Most people welcome spending time in nature and green space. After all, taking a few moments in the outdoors offers a much-needed break from the chaos of everyday life. And it can also lend positive physiological benefits, including lower stress levels, fewer symptoms of depression, and even a lower mortality rate.
Still, despite everything scientists know about the connection between nature and well-being, they still can’t say with certainty how much time outdoors leads to improved mental and physical health.
A new study, published Thursday in Frontiers in Psychology, attempted to answer that question by asking participants to spend time in a place that “brings a sense of contact with nature” for at least 10 minutes per outing, three times per week, over the course of eight weeks. The researchers found that participants who immersed themselves in a “nature experience” for at least 20 minutes per outing experienced a significant decrease in their levels of the stress hormone cortisol.
The study’s authors wrote that they envision ultimately developing a “nature prescription” — or “nature pill” — that health care providers can offer to their patients as a low-cost, preventive mental health treatment. (The “pill” is the time spent outside.)
This research is the first step toward that goal, says MaryCarol R. Hunter, the study’s lead author and an associate professor at the School for Environment and Sustainability at the University of Michigan.
That’s because the subject is tricky and expensive to study. Scientists don’t yet know exactly which aspects of nature and green space — whether they’re trees, grass, water, or plants — trigger the benefits of being outside. It’s also difficult for them to design studies using the gold standard of a randomized clinical trial because neither scientists nor study participants are supposed to know which treatment or intervention the subject receives. In a study about exposure to nature, it’s typically obvious to both the scientist and their subjects who’s being sent to green spaces.
So Hunter and her colleagues tried an “adaptive management” approach instead. They let their 36 participants freely decide where, when, and how long they spent time in nature, provided they obeyed certain ground rules. They couldn’t use phones or internet-connected devices to browse social media or the internet, and they couldn’t make calls or read during their designated time outside. Their nature experience also couldn’t include aerobic exercise. The researchers were collecting saliva samples that, in addition to cortisol, measured the hormone amylase, which can be influenced by physical activity.
“They could pick any place they wanted,” says Hunter, “but when they went to the place they actually had to feel some resonance to nature, feel connected to it. You could go sit next to one tree and just be with the tree, that could do it for you. The same person might go to a city park free of the noise of traffic.”
Peter James, an assistant professor in the department of population medicine at Harvard Medical School who has studied the link between nature and well-being, says the study’s approach highlights the trade-off of letting participants shape the intervention based on their own interests. While it makes the research more feasible, it becomes difficult to know whether they stayed outdoors longer because of a personal inclination, like because they were having a great time — or some other factor unknown to the researchers.

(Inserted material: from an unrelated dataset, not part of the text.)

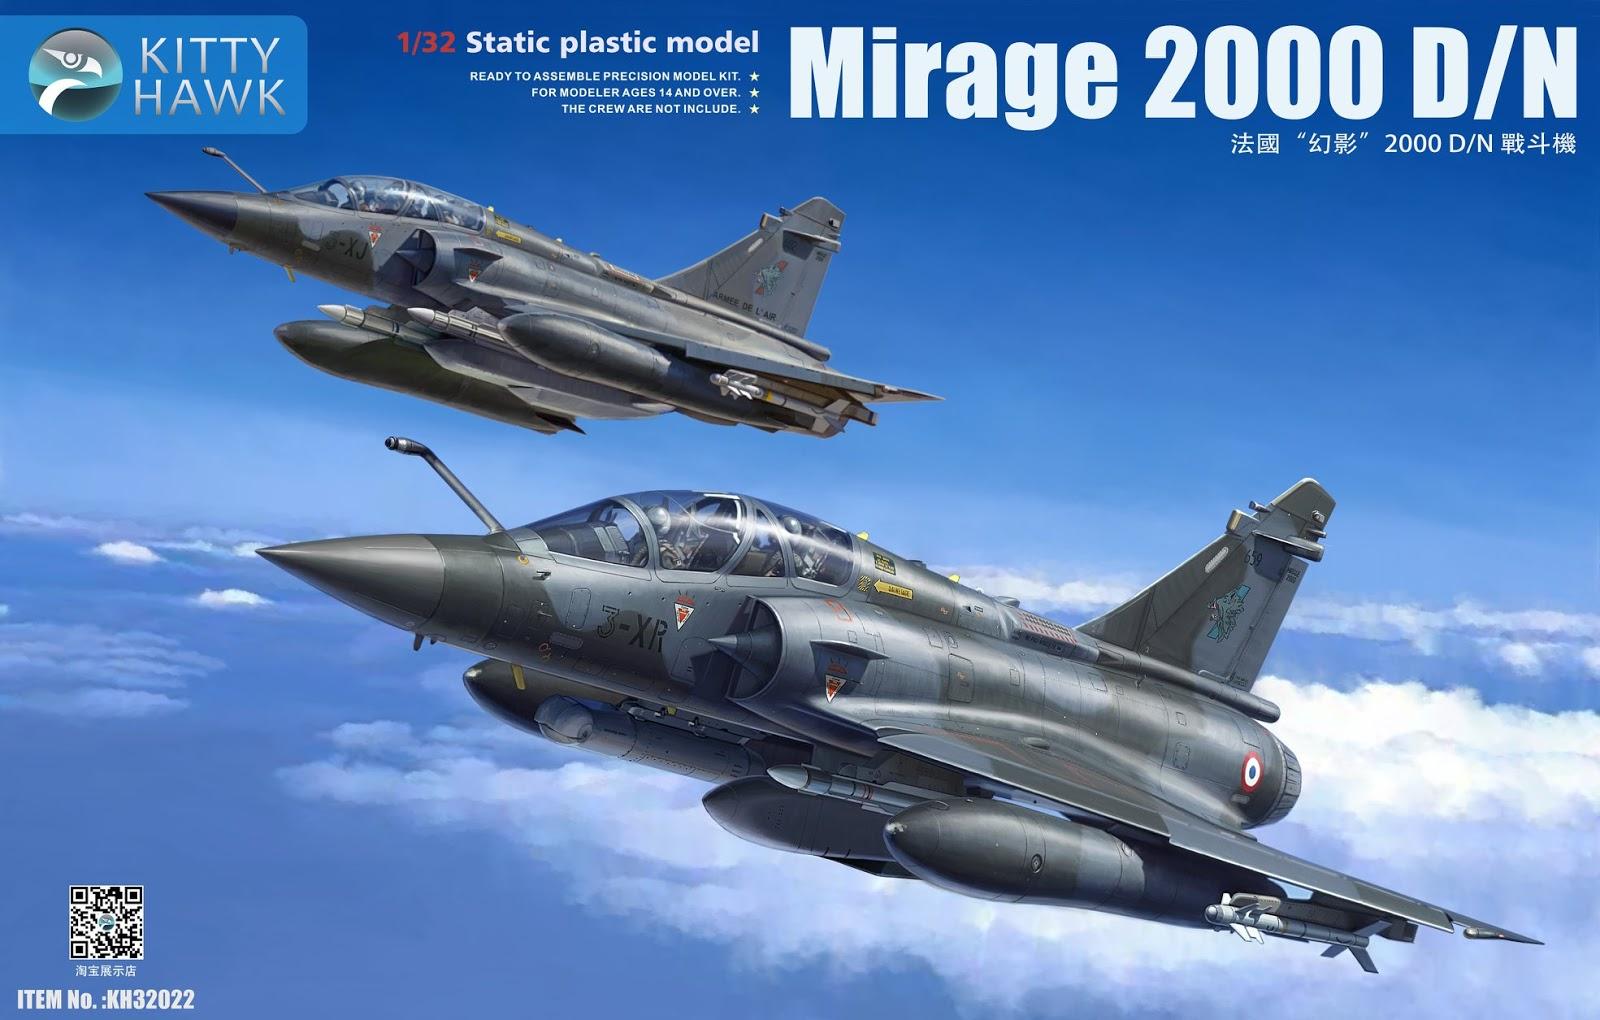 Dassault+Mirage+2000+DN+%25281%2529.jpg

It’s also then hard to know the characteristics of the participants’ nature experience.
“This is a consistent problem in the literature,” says James. “What is a nature experience? Is it looking at trees, grass, going on a hike, walking in an urban park? It’s one of the vexing problems in this area of research.”
Hunter says that people’s changing perception of nature is at the heart of this challenge. Venturing into a wilderness area might feel relaxing and restorative for one person, but terrifying for someone else, who’d much rather decompress in an urban park. Doctors who want to prescribe a nature experience to their patients shouldn’t focus on a standard experience but rather encourage them to go where they feel most connected to the outdoors, Hunter says.
She also plans to release additional research based on the data collected in this study. In particular, Hunter wants to look at the self-reported information she gathered from participants about their mood, stress, and energy level to see if there’s a correlation with the decrease in cortisol.
While intriguing, there are limitations to broadly generalizing the findings. The small sample consisted mainly of white women, all healthy, with a mean age of 46, who responded to an ad seeking people interested in spending more time outdoors in green spaces. That group doesn’t reflect the population at large. Some research, however, does suggest that exposure to nature and green spaces has strong health benefits for low-income populations.
Hunter knows that 20 minutes in nature may be out of reach for many people. It might be difficult for them to reach green spaces or they can’t commit to that much time. In her own personal experience with friends and family, Hunter has recommended just five minutes per outing to start. It’s a number that seems manageable and can quickly turn into more time.
“To be practical,” says Hunter, “it has to be something they can just do easily.”